Courtesy of Kris Ann Valdez
- I graduated debt-free by earning scholarships, going to school close to home, and working.
- My husband had student loans, and we want our kids to avoid taking out student loans.
- I care more about my kids not going into debt than where they go to college.
When I was 14, I overheard my parents say they would not be paying for their kids to attend a four-year university.
If any of us wanted the traditional college experience, we’d have to figure out how to pay for it ourselves. Community college was always an option, and they’d let us live at home while going to school.
As the oldest kid, I remember feeling stunned at first. For many of my friends, college was treated like an automatic next step that parents somehow financed. But after the disappointment wore off, it lit a fire in me. I threw myself into academics, determined to earn scholarships large enough to make my four-year university dreams possible.
I finished high school with a full-ride academic scholarship to any in-state university. But since my scholarship didn’t include housing, I chose the least glamorous option by attending the school closest to home. I commuted to class, nannied, overloaded credits every semester, including summers, and gratefully accepted the $2,000 a year my parents offered toward expenses.
Mostly living on peanut butter and jelly sandwiches and praying my debit card had enough money to fill up my gas tank, I graduated debt-free in three years. My younger siblings each found their own version of the “scrappy” route, too. My sister started community college classes at 15. My brother launched a business as a teenager.
Watching other people’s choices changed how I viewed college debt
Then I married someone with student loans.
Compared to many other borrowers, my husband’s debt load was actually modest, around $20,000, but in our early years of marriage, even that felt overwhelming. Every time we deferred the loans, the interest just kept on accruing. So we took on side hustles to pay them off faster, working weddings and bar mitzvahs and proctoring ACT tests on weekends.
At the same time, I watched several friends without degrees out-earn many college graduates because they had entered the workforce earlier and developed entrepreneurial skills. Fortunately for them, they weren’t weighed down by student loans.

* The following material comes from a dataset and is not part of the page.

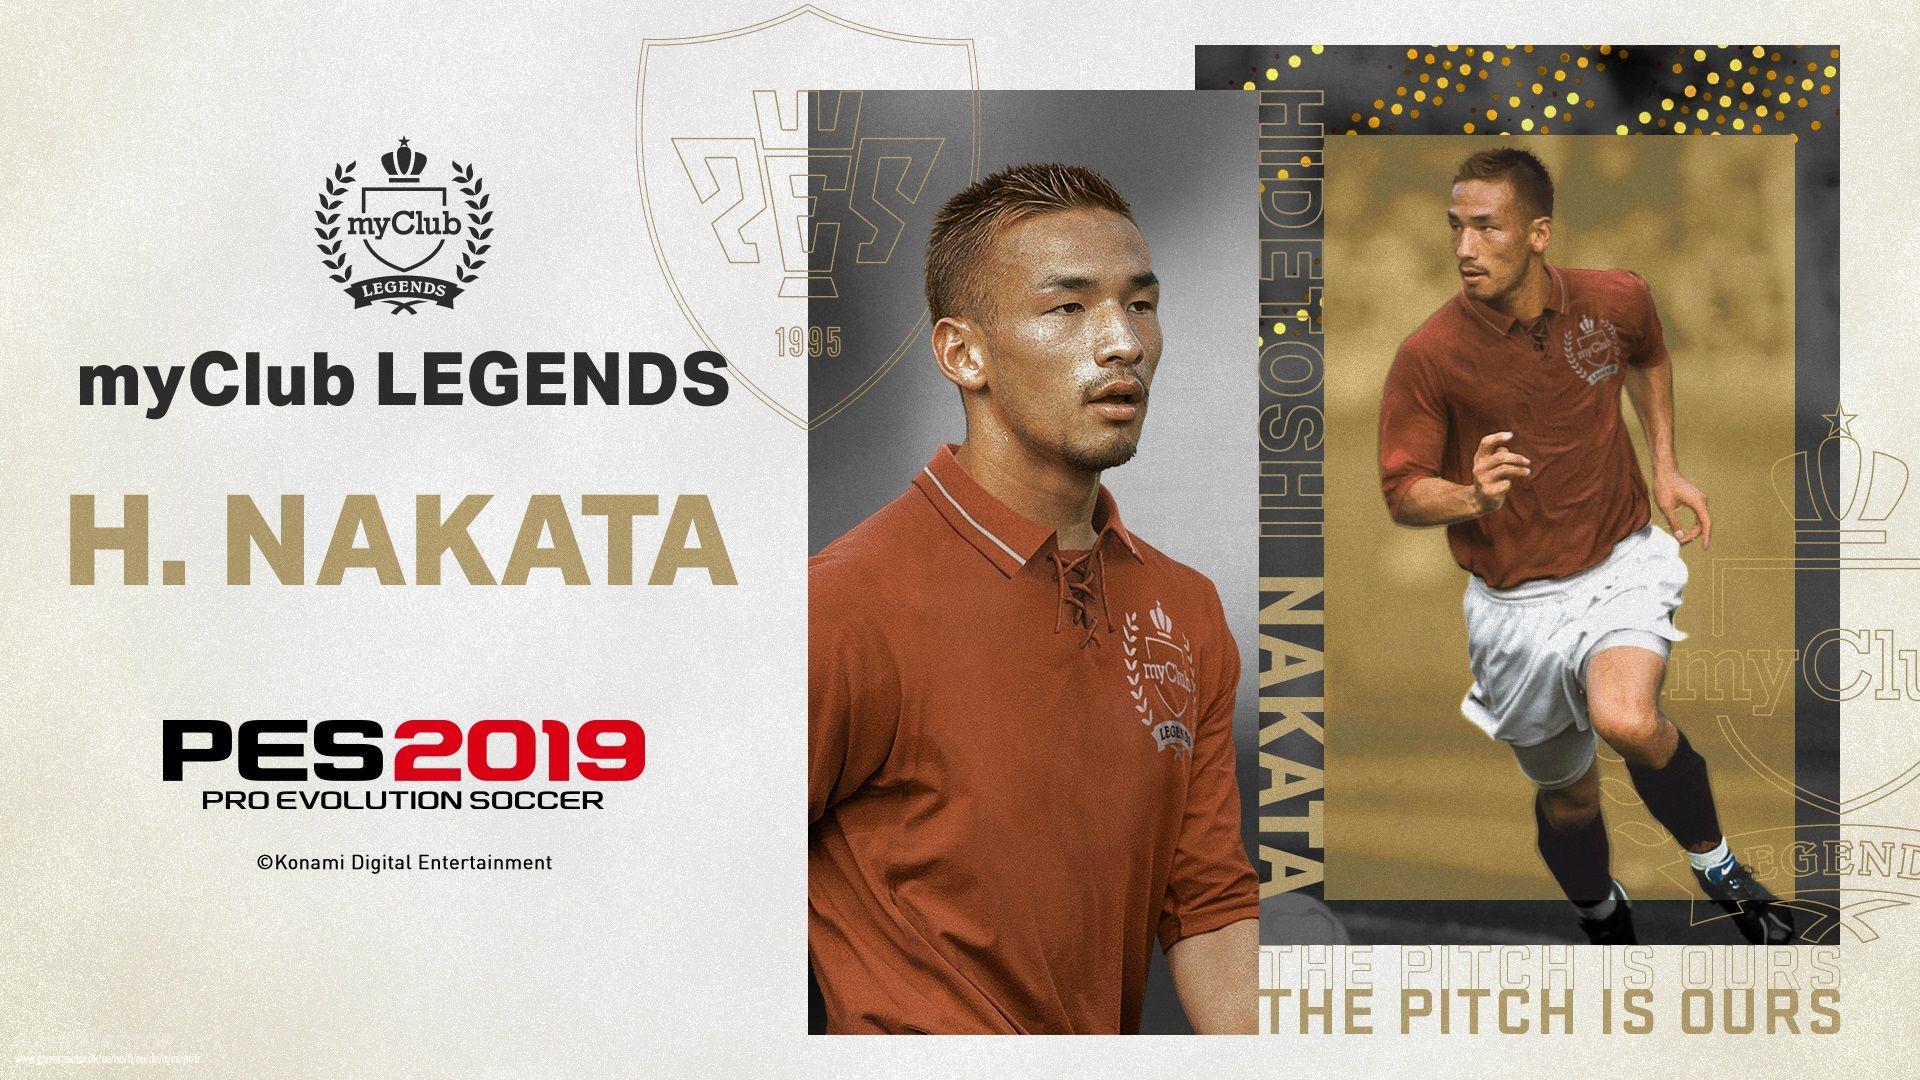 Francesco Totti among new legends added to PES 2019 - Pro Evolution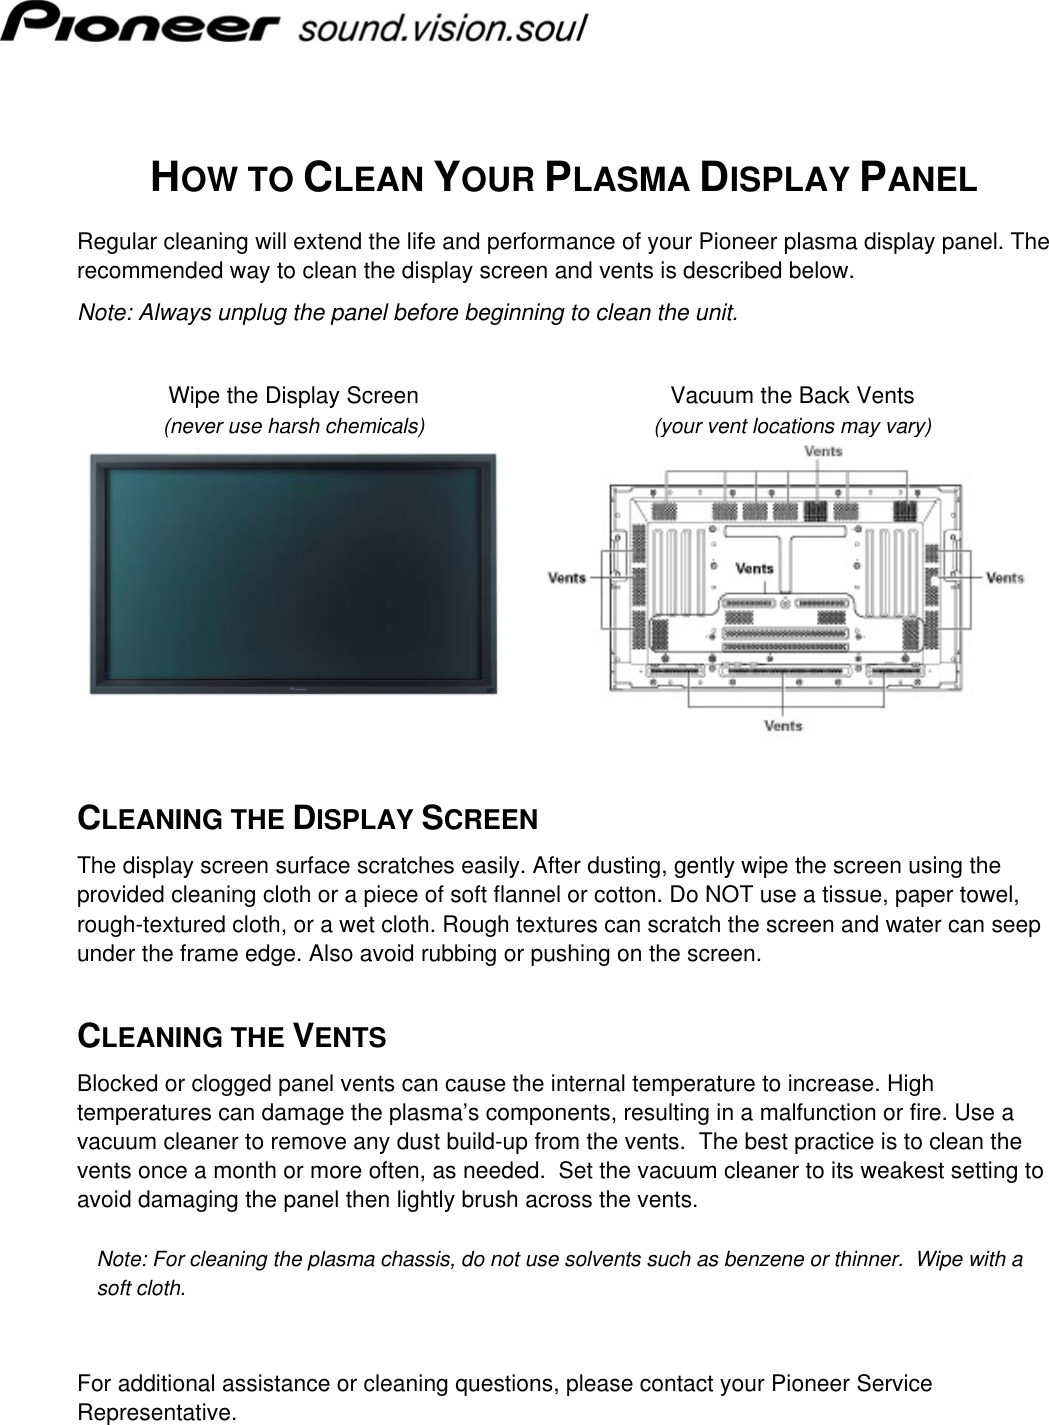 pioneer plasma display panel users manual how to clean the screen rh usermanual wiki Pioneer Plasma HDMI Connection Pioneer Plasma HDMI Connection

It dawned on me that the narrative that going to college equals success is a black-and-white view of life that’s not always true.
Working in admissions further made me rethink the “dream school” mentality
My husband and I both worked as university admissions counselors, where we watched families willingly take on staggering amounts of debt in pursuit of their child’s university dream. Some shrugged off six-figure loan amounts as though it was simply the unavoidable cost of giving their children the “full experience.”
But I often walked away from meetings worried that students didn’t understand the long-term choices they were making. My husband and I developed a slogan we used to advise our students: graduate college in the least amount of time possible with the least amount of debt.
It was the only way we could ethically keep doing the job.
Why we won’t fully fund our children’s college educations
As parents, my husband and I are in agreement that we will not pay tens of thousands of dollars for our children to attend a university.
We value education, but we also value financial freedom. If one of our children wants to pursue a career with high earning potential that requires extensive schooling, that’s one thing. But we don’t believe an 18-year-old should casually take on $100,000 in debt for a career path that may never realistically allow them to repay it.
I’m more than happy to invest time in helping my kids navigate the scholarship process, educating them on how student loans work, and asking them to review all the options to determine what’s best for their needs — this might mean attending community college, going to trade school, or entering the workforce earlier.
Whatever path my children choose, I just hope they walk away from our home understanding that sometimes the easier or more glamorous path comes with the hardest long-term consequences.